ID    榕树; olive       ...
11000      1         0                0     
11112      1      1      0      0     
12223      1      0      2      1     
12334      0      1      0      2     
...

ID      ficus      cherry      juniper      olive      ...
11000       1      0      0       0      
11112       1       1       0       0      
12223       1       0       2       1      
12334       0       1       0       2      
...

我应该补充一点，我实际上最终希望使用不同树木的观测值的同时出现来对数据进行分层聚类，以此来计算树木之间的距离".因此，关于如何实现这一目标的任何建议都将是很棒的.如果有一种简单的方法可以使我从距离矩阵跳到距离矩阵，那么我可能会放弃生成上述矩阵.

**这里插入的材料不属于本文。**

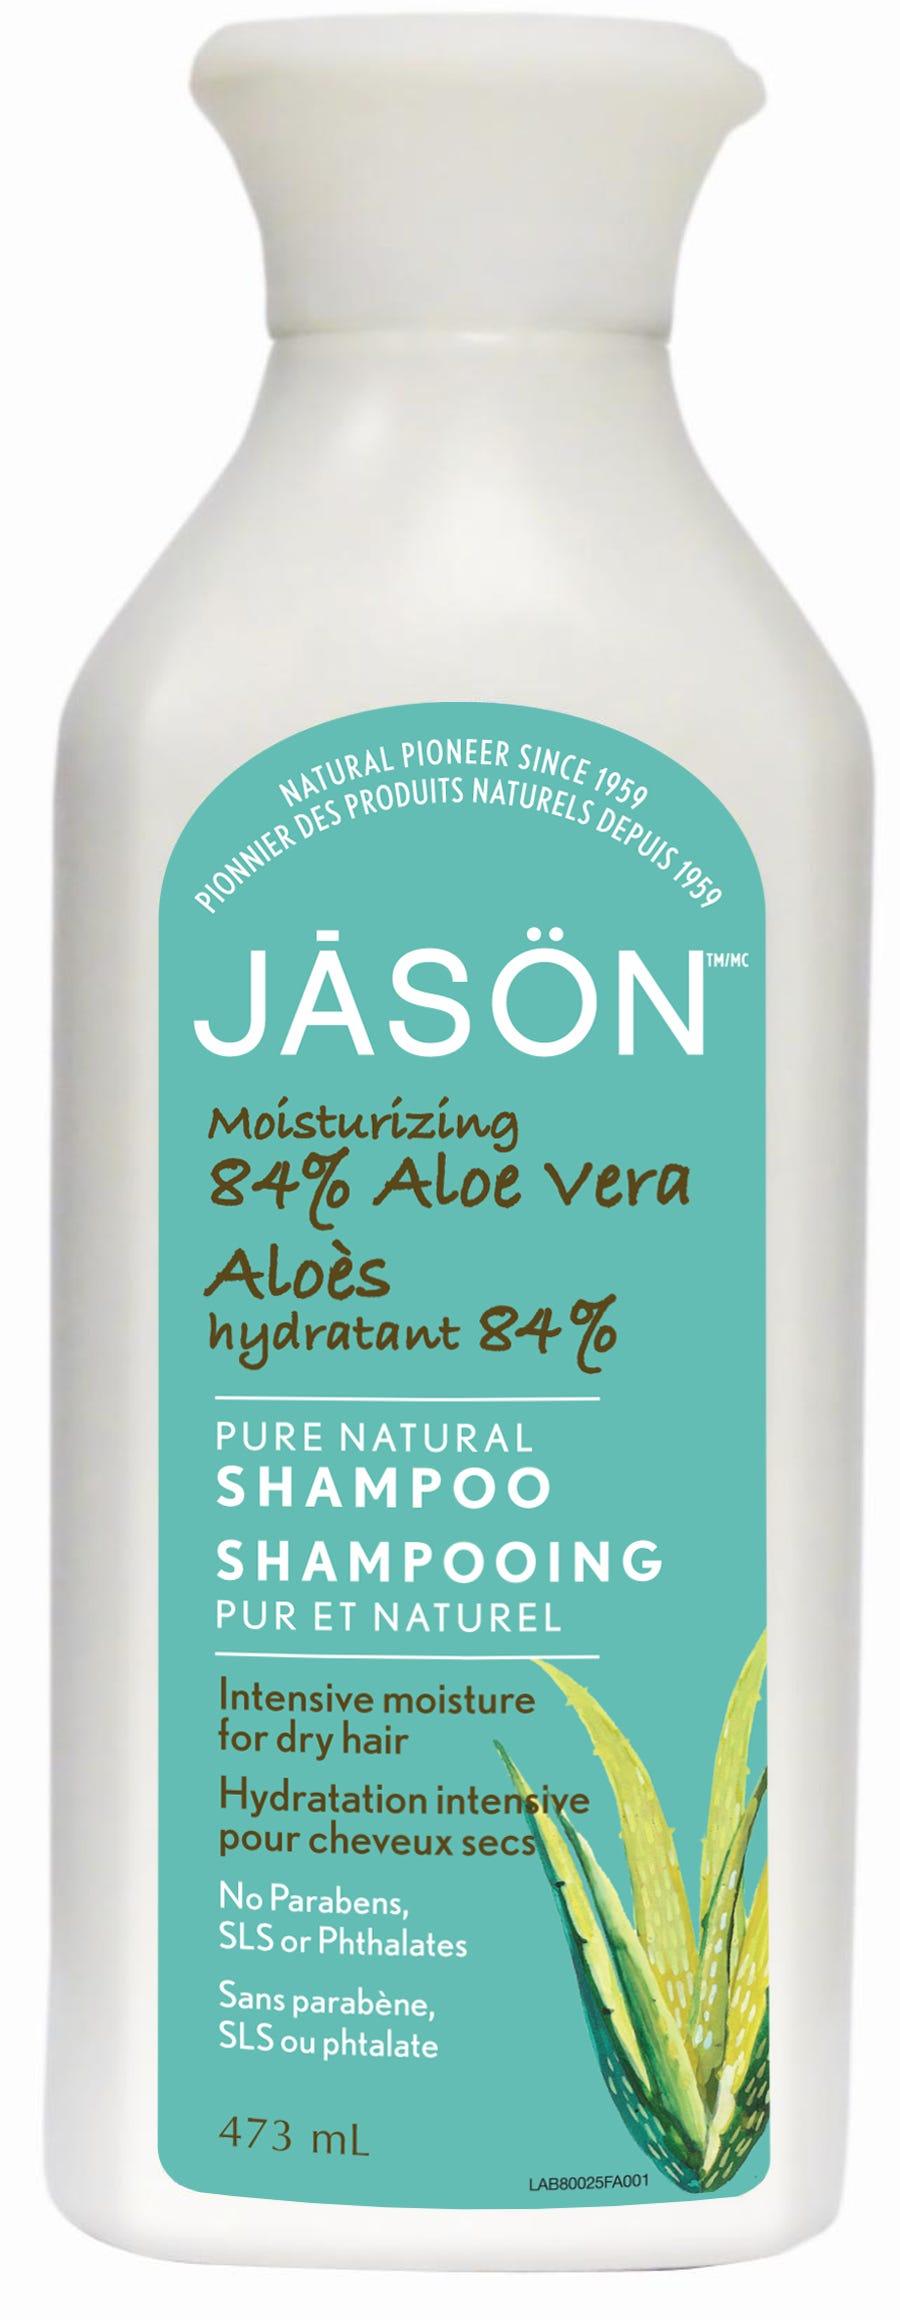 Jason Shampoo 84% Aloe Vera 473ml

I should add that I actually ultimately want to do hierarchical clustering on the data using the co-occurrence of observations of the different trees as a way to calculate the "distance" between trees. So any suggestions on how to achieve that would be great. And I could potentially abandon generating the above matrix if there is an easy way to jump from what I have to a distance matrix.

推荐答案

尝试一下:

tapply(cmsclips$ID, cmsclips$Observation, FUN = c)

这里是一个例子:

test = data.frame(id = c(11,12,13,14), obs=c("cat", "dog", "cat", "cat"))
#  id obs
#1 11 cat
#2 12 dog
#3 13 cat
#4 14 cat
tapply(test$id, test$obs, FUN = c)
#$cat
#[1] 11 13 14
#
#$dog
#[1] 12

这篇关于在LARGE数据集上生成R中的同现矩阵的文章就介绍到这了，希望我们推荐的答案对大家有所帮助，也希望大家多多支持IT屋！